Q. Another question on a slightly different note. Everyone loves to be appreciated. Can you share with us a memory where someone (could be a parent, teacher, colleague, boss, friend or a stranger) appreciated/recognized you and which had the most profound impact on your life?
Jason Averbook: The biggest impact that someone’s ever had on my life is when I had the opportunity to work with a CEO, a CEO from one of the largest insurance companies in the United States, and the CEO said to me, you know, the way that HR is being done here is measuring HR itself. It’s measuring HR looking at itself in the mirror versus thinking about the impact that HR is having on the business. If you can actually think about, how would you help an organization and put in place an action plan to do that, that would be worth an unprecedented amount of money to me. We were able to put in place a roadmap guideline –The Vision for this organization. It changed HR. It changed how HR was perceived and the CEO looked back at me and said, Jason is exactly what we asked for. And for the first time in my life, I actually see the value of the HR function and there’s someone who has been trying to make a show that his whole life —that was an amazing moment.
The second moment I’m going to share is a much more personal moment to me. Our goal as leaders is to create people that are greater than us. And the number of people that have come back to me or they’ve been colleagues, whether they’d been friends that have said, you know what? You know, I love the fact that you’re comfortable enough in your own skin to create someone that’s greater than you. And you spend the time to teach, coach and mentor them. When people appreciate that, that has an amazing impact on your life. Because what it shows is you’re past the point of self-actualization as to who you are. And you’re to the point of really thinking about how are you going to create a better world that just has an amazing impact!
Q. You are a leading analyst, thought leader, consultant and keynote speaker in the HR-Tech space. You also have envisioned an entirely new HR landscape. Can you share some significant milestones from your life that carved your career as it is today?
Jason Averbook: If we think about significant milestones, there are probably three. The first milestone was when I was working for Ceridian Corporation. We developed the first windows based HR system and realized that as people move from the DOS platform to the Windows platform, they really did the same thing. They didn’t transform the way HR worked ‘A’ and ‘B’; HR was really concerned that we took away their ability to do heads down data entry. That’s when the first thing that really helped me realize that, HR was a transactional machine. You really need to think strategically.

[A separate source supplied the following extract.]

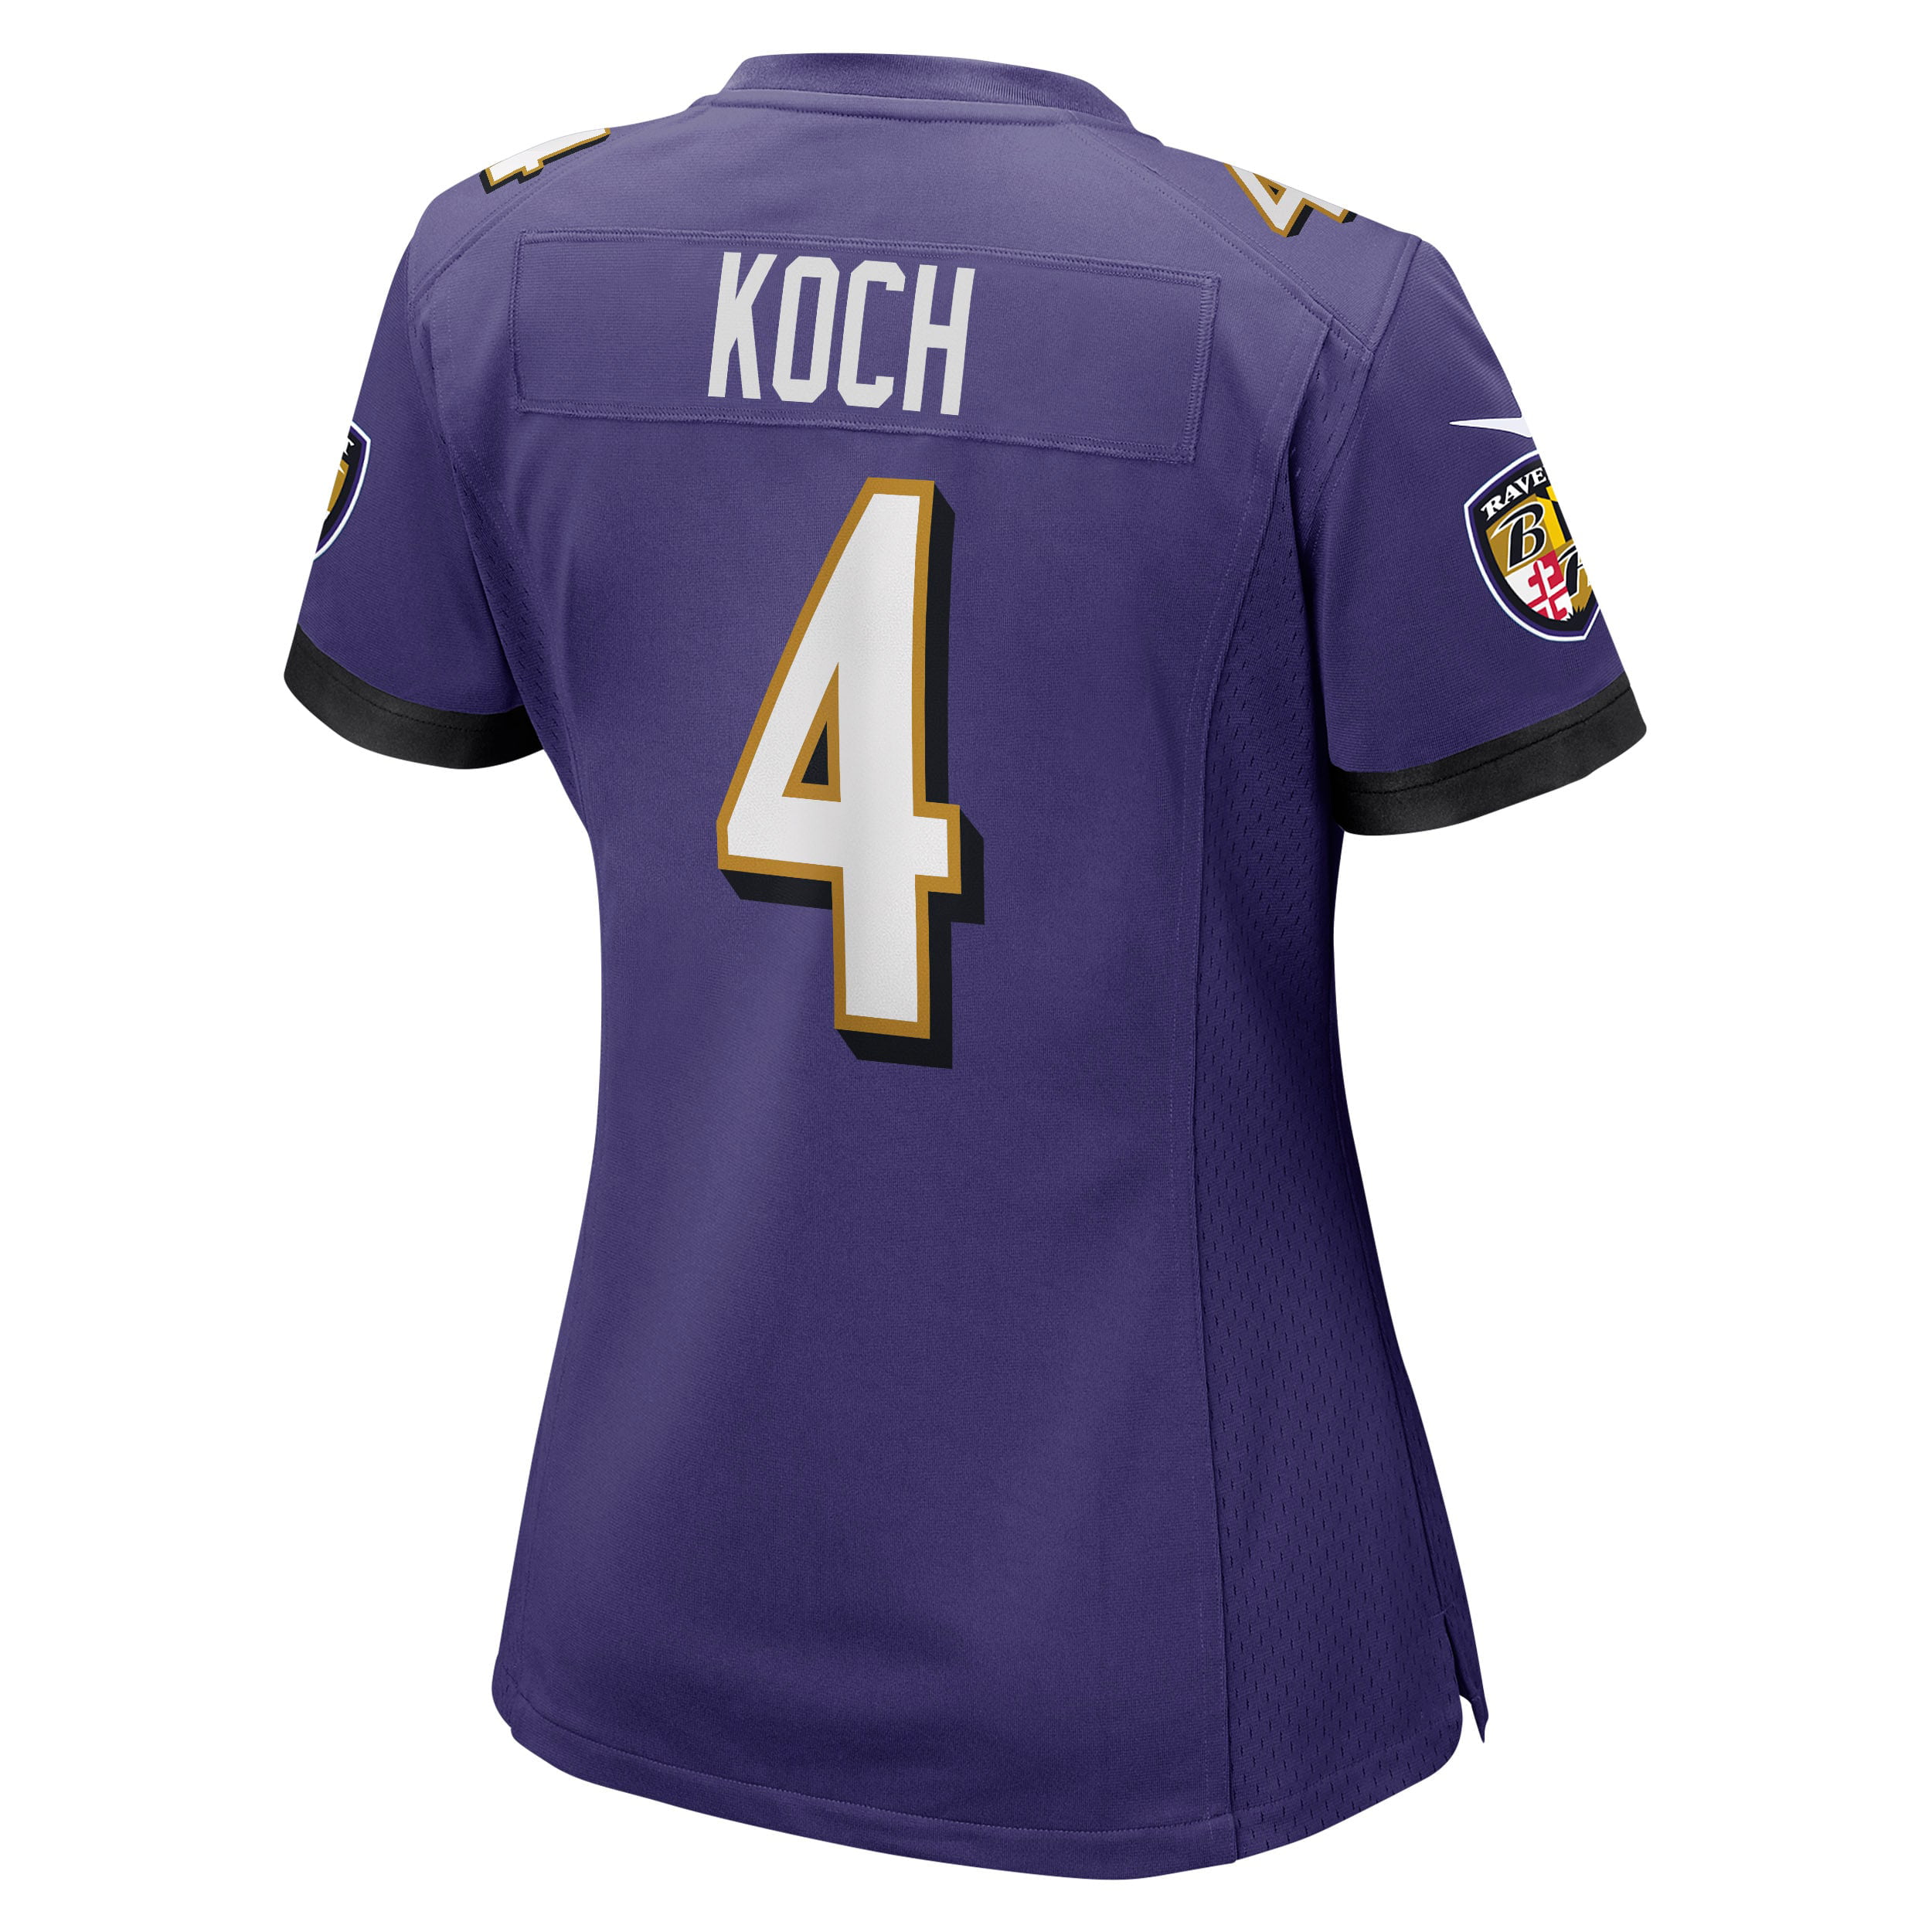 Sam Koch Baltimore Ravens Nike Women's Game Jersey - Purple

The second big milestone was while leading product at Peoplesoft, and what really stood out to me was PeopleSoft was the leading product in the world when it came to HR and workforce technology. Yet our customers were unhappy bothered me to the point where I really wanted to find out why and had the Aha moment! These people – what they don’t like is not our software, but what they really don’t like is the way that their company strategy is not aligned with that particular piece of technology.

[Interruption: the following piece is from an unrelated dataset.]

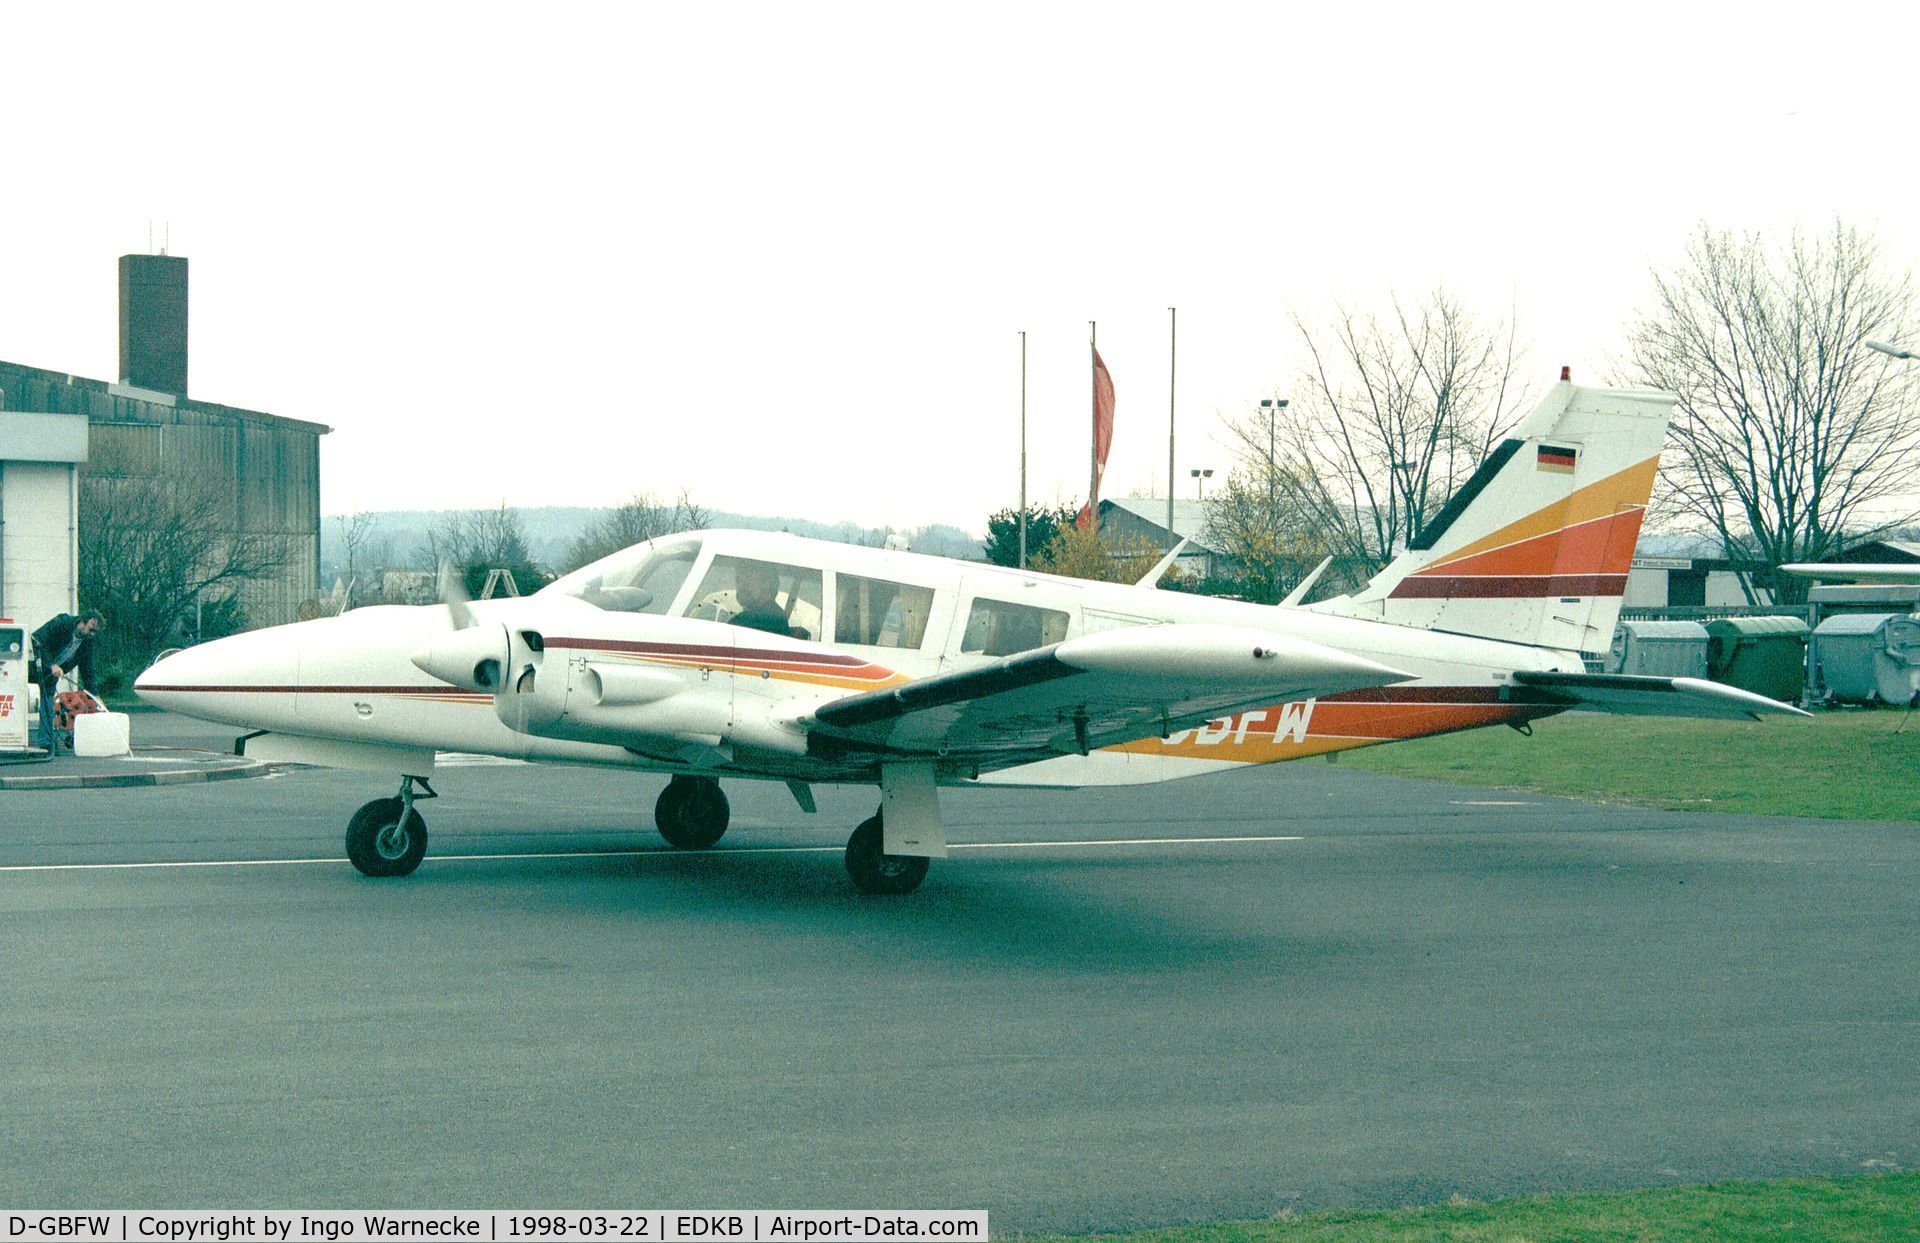 D-GBFW, 1973 Piper PA-34-200 C/N 34-7350116, Piper PA-34-200 Seneca at Bonn-Hangelar airfield

The third milestone that’s really hitting me today is the whole concept of having better technology as consumers than the workforce gives us to work with. We have better experiences as consumers than we have dealing with our business that our work life and that’s a huge problem we’re not. Customer experience is worse than our employee experience. When our branding is from an outside standpoint is better than the way we brand inside. Those are huge, huge gaps and there are huge problems and illnesses for organizations down the road.